Spanish archaeologist (1906–2004)

Ursicina Martínez Gallego (April 20, 1906 – December 14, 2004) was a Spanish archaeologist.

== Early life and education ==
Martínez was born on April 20, 1906, in Santa Cristina de la Polvorosa, in the province of Zamora, Spain. Her parents, from the region of La Carballeda, owned a grocery store. Her father died when she was eleven years old.

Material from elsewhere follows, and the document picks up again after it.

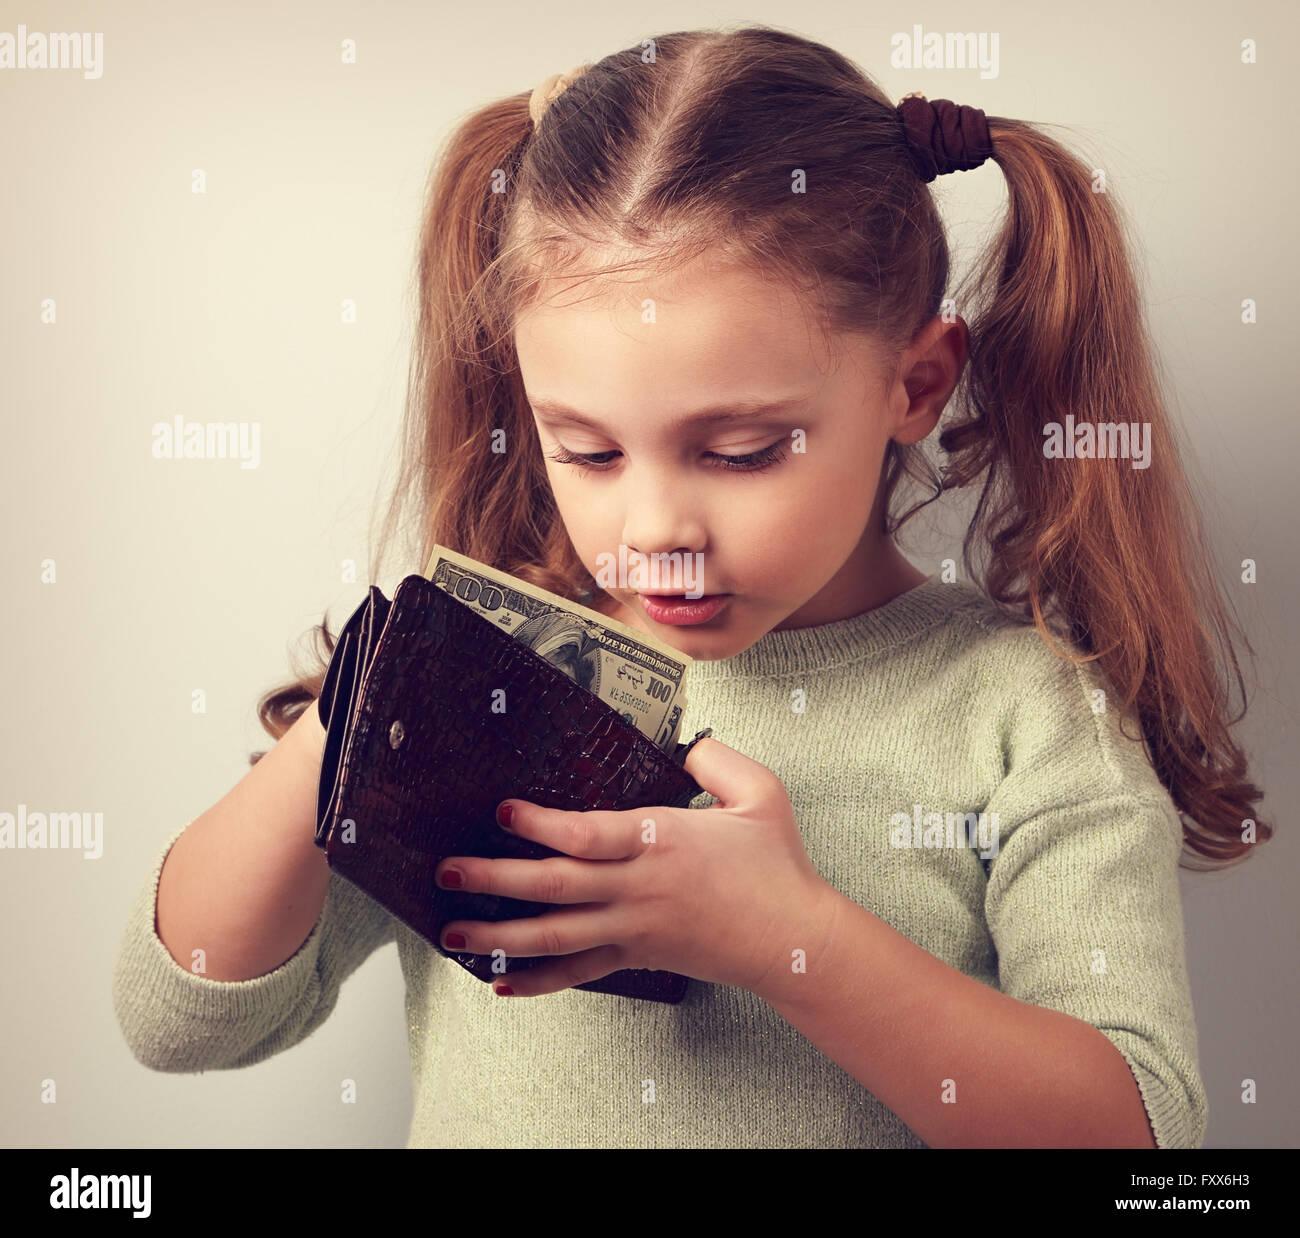 Lindo sorprendente pequeño chico busca chica En madre monedero y quiere sacar el dinero. Tonificado closeup Imagen De Stock
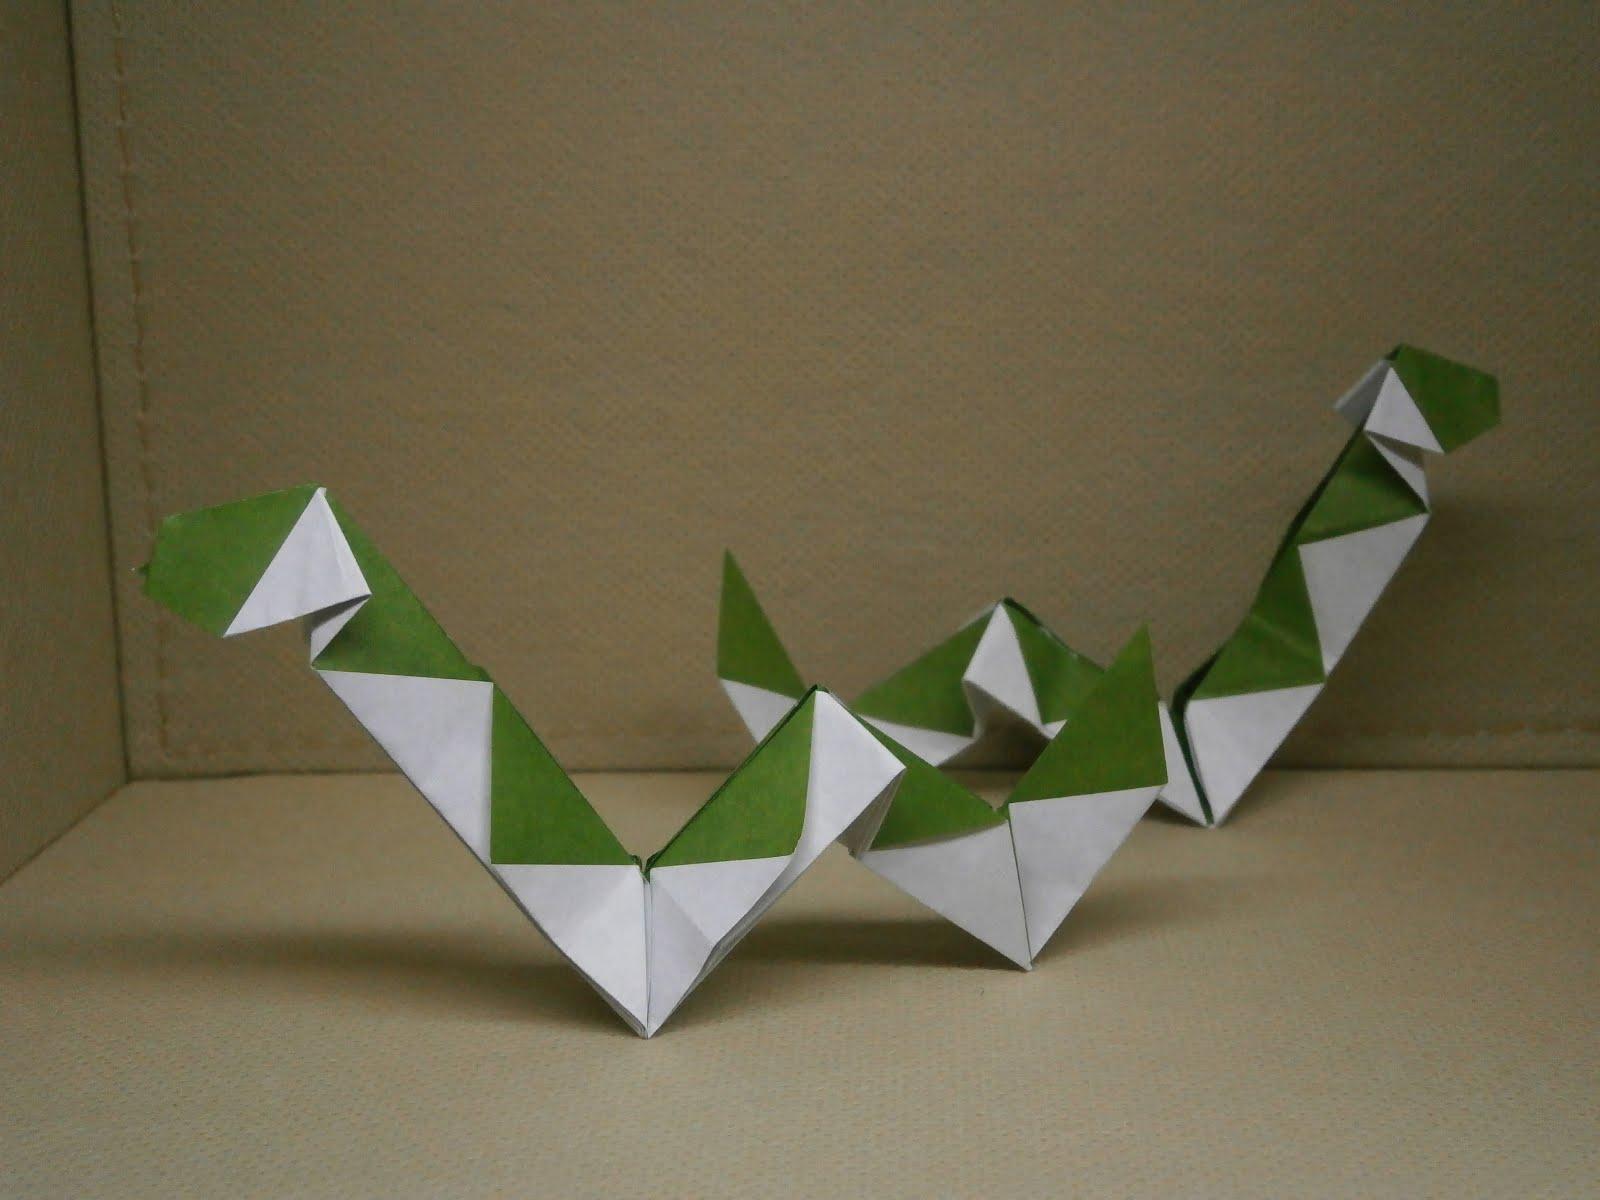 KATAKOTO ORIGAMI: Creation of origami snake that is next ... - photo#4

Martínez attended high school in Benavente. In 1922, she began studying education at the Normal School of Zamora at the insistence of her mother, despite wanting to attend university. A year later, she left the Normal School and enrolled in Philosophy and Letters in 1923 at the Central University of Madrid, being one of the first women who could access higher education in Spain. She was a student of Julián Besteiro, Claudio Sánchez-Albornoz, Elís Tormo, and Manuel Gómez-Moreno, among others. She graduated with an Extraordinary Award and began her doctoral thesis The Travels of Marco Polo, though she did not finish it.

==Career ==

In 1930, Martínez passed the exams for the Facultative Corps of Archivists, Librarians and Archaeologists. The following year she was assigned to the direction of the Museo de León, installed in the building of the convent of San Marcos.

Cuerpo Facultativo de Archiveros, Bibliotecarios y Arqueolgos (CFABA) welcome Ursicina Martinez and three other women from 1930-1931.

When the Civil War broke out on July 18, 1936, the property was seized and used as a concentration camp for Republican prisoners, which led to the closure of the museum. Martínez was reassigned to the provincial library, where she remained until she requested a transfer on November 27, 1941, distressed by the museum's condition after the war. During this time, she began to teach geography and history classes at the Padre Isla de León Institute.

She returned to Zamora, where she replaced Carmen Pescador del Hoyo, who was purged by the Franco regime for political reasons, as director of the public library. She combined her work in the library with teaching Latin at the Claudio Moyano Institute.

In the 1960s, Martínez founded a municipal library in her hometown.

On February 18, 1971, she was appointed director of the House of Culture of Zamora.

She retired in 1976, at the age of 70.

Martínez promoted and was a founding member of the Florián de Ocampo Institute of Zamorano Studies.

==Legacy==
The city of Zamora, in recognition of her work in favor of culture in the capital and in the province, gave her name to a public space, in a garden located between Diego de Losada street and Eduardo Barrón park. The proposal was presented by the Socialist Party and ultimately supported by all represented parties within the Zamora City Council.